Projeto que restringe direitos de quilombolas é arquivado pela Câmara

O Projeto de Decreto Legislativo (PDC) 44/2007, de autoria de Valdir Colatto (PMDB-SC), que propõe a suspensão do decreto que regulamenta a identificação, reconhecimento, delimitação, demarcação e titulação das terras ocupadas por quilombolas de que trata o artigo 68 na Constituição Federal, além de anular todos os atos administrativos expedidos com base no referido decreto”, foi arquivado na Câmara dos Deputados. A decisão ocorreu por entendimento do presidente da Casa, Arlindo Chinaglia e a relatora do PDC na Comissão de Direitos Humanos e Minorias, deputada federal Iriny Lopes (PT-ES).

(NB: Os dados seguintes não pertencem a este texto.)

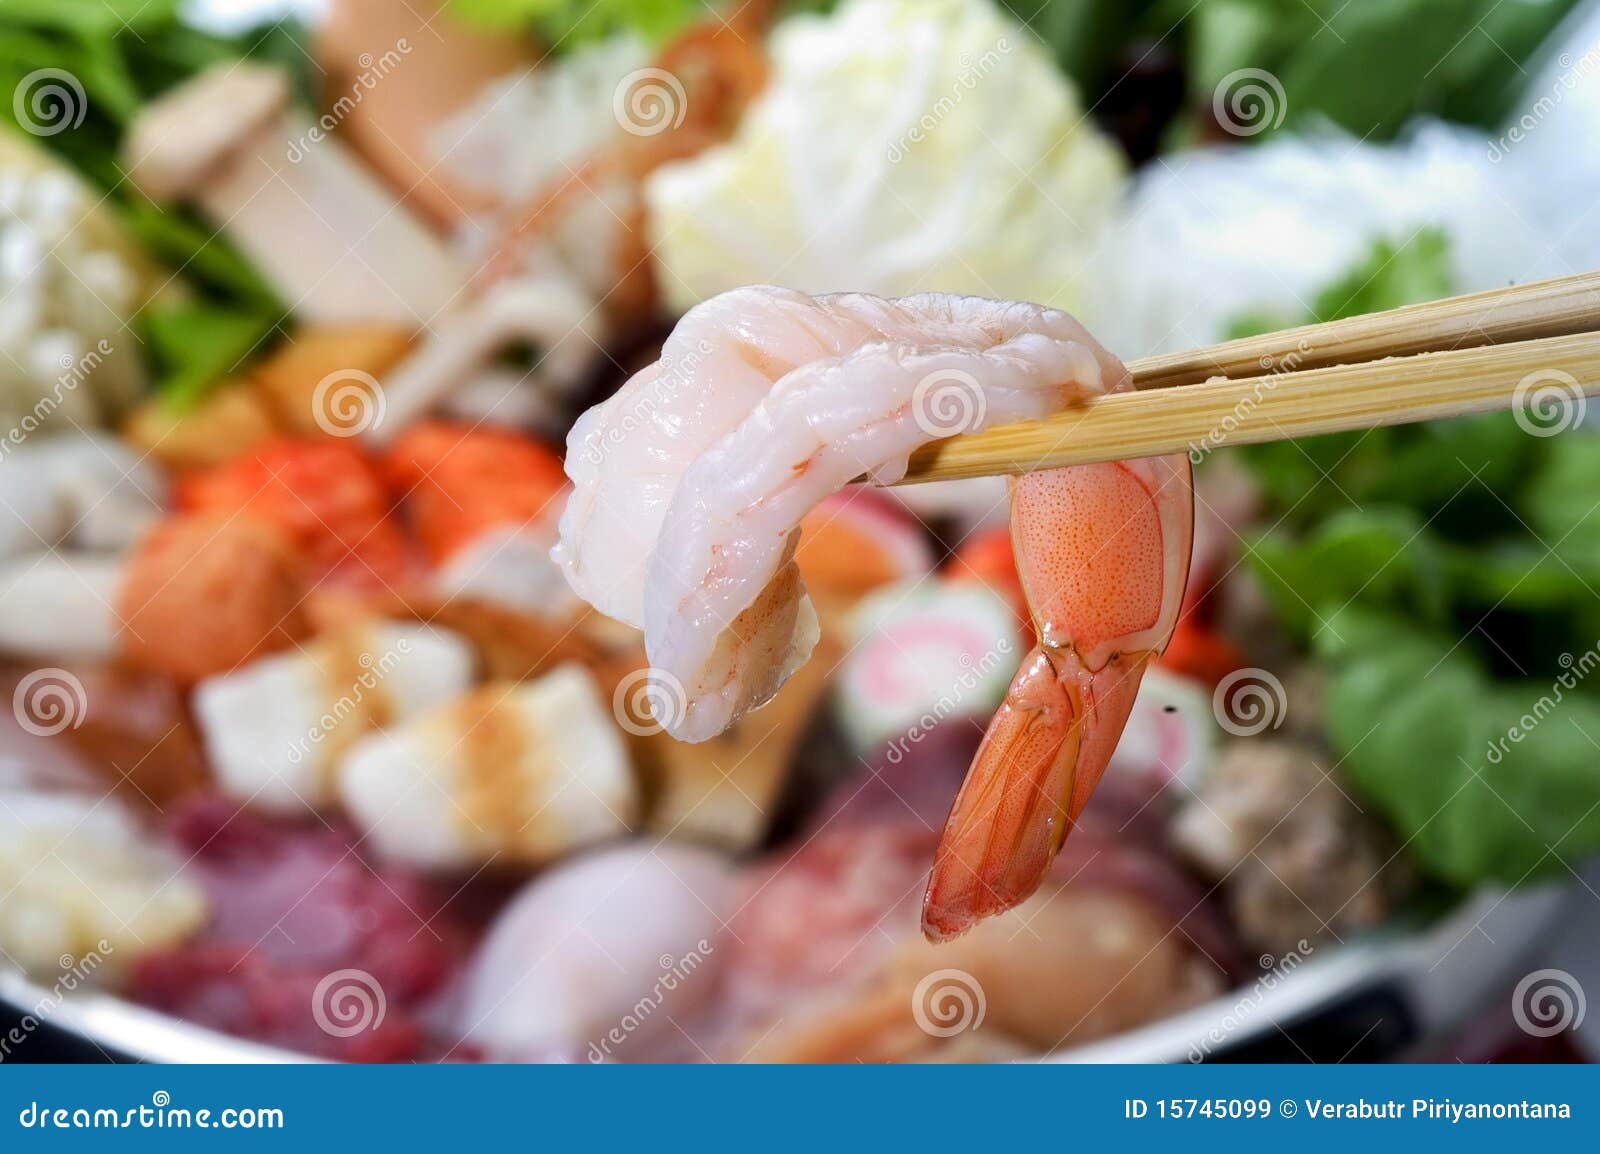 shrimp with chopsticks

Para Iriny, que se reuniu com Chinaglia na última semana, a proposta era equivocada do ponto de vista jurídico, por que ignora tratados internacionais, dos quais o Brasil é signatário, que obrigam o Estado brasileiro a respeitar normas relativas ao direito de propriedade e aos direitos humanos de grupos raciais e mesmo de indivíduos que pertençam a eles.

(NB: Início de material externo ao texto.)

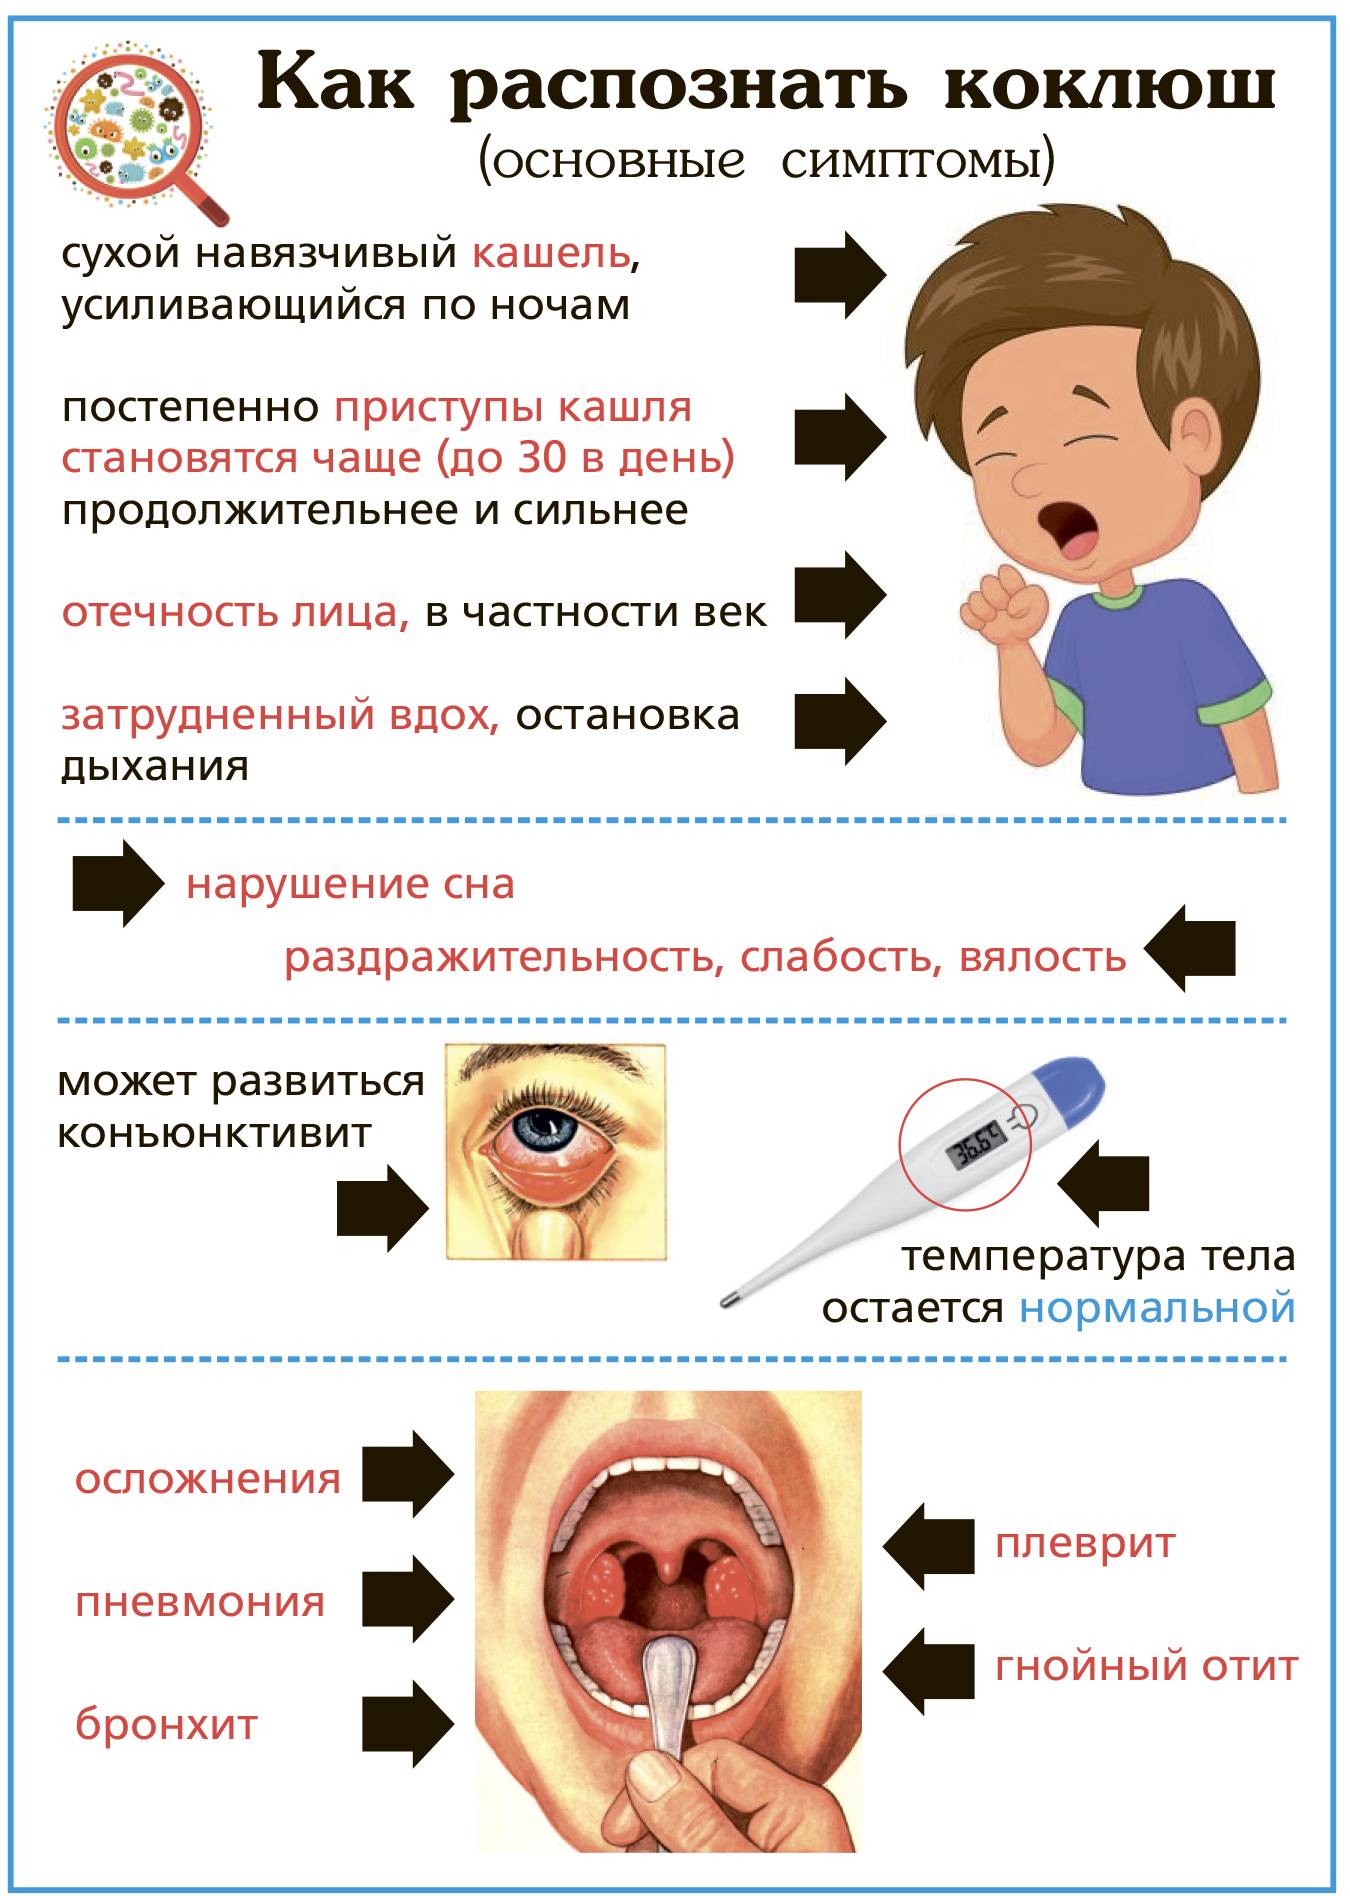 Аллергический кашель у ребенка – симптомы, лечение

Mesmo com a vigência do Decreto no 4.887, de 20 de novembro de 2003, (regulamenta o procedimento para identificação, reconhecimento, delimitação, demarcação e titulação das terras ocupadas por remanescentes das comunidades dos quilombos de que trata o art. 68 do Ato das Disposições Constitucionais Transitórias), vemos que o reconhecimento de direitos dessas comunidades ainda é muito lento. Atualmente, existem mais de duas mil comunidades quilombolas catalogadas no Brasil, sendo que dos 310 processos abertos em tramitação no INCRA somente 40% chegaram ao final. Se existe algo que o Poder Legislativo, que tem entre suas atribuições a fiscalização dos atos do Executivo, deve fazer urgentemente é cobrar a celeridade nos processos de titulação de terra de quilombolas junto ao INCRA e não aprovar leis que restrinjam ainda mais os direitos sociais e econômicos dessa população”.

Se a decisão fosse por dar continuidade à tramitação, meu parecer seria desfavorável, mas antes mesmo de redigi-lo chamaria as comunidades quilombolas de todo o país para discutir o tema na Comissão de Direitos Humanos”, afirmou a parlamentar.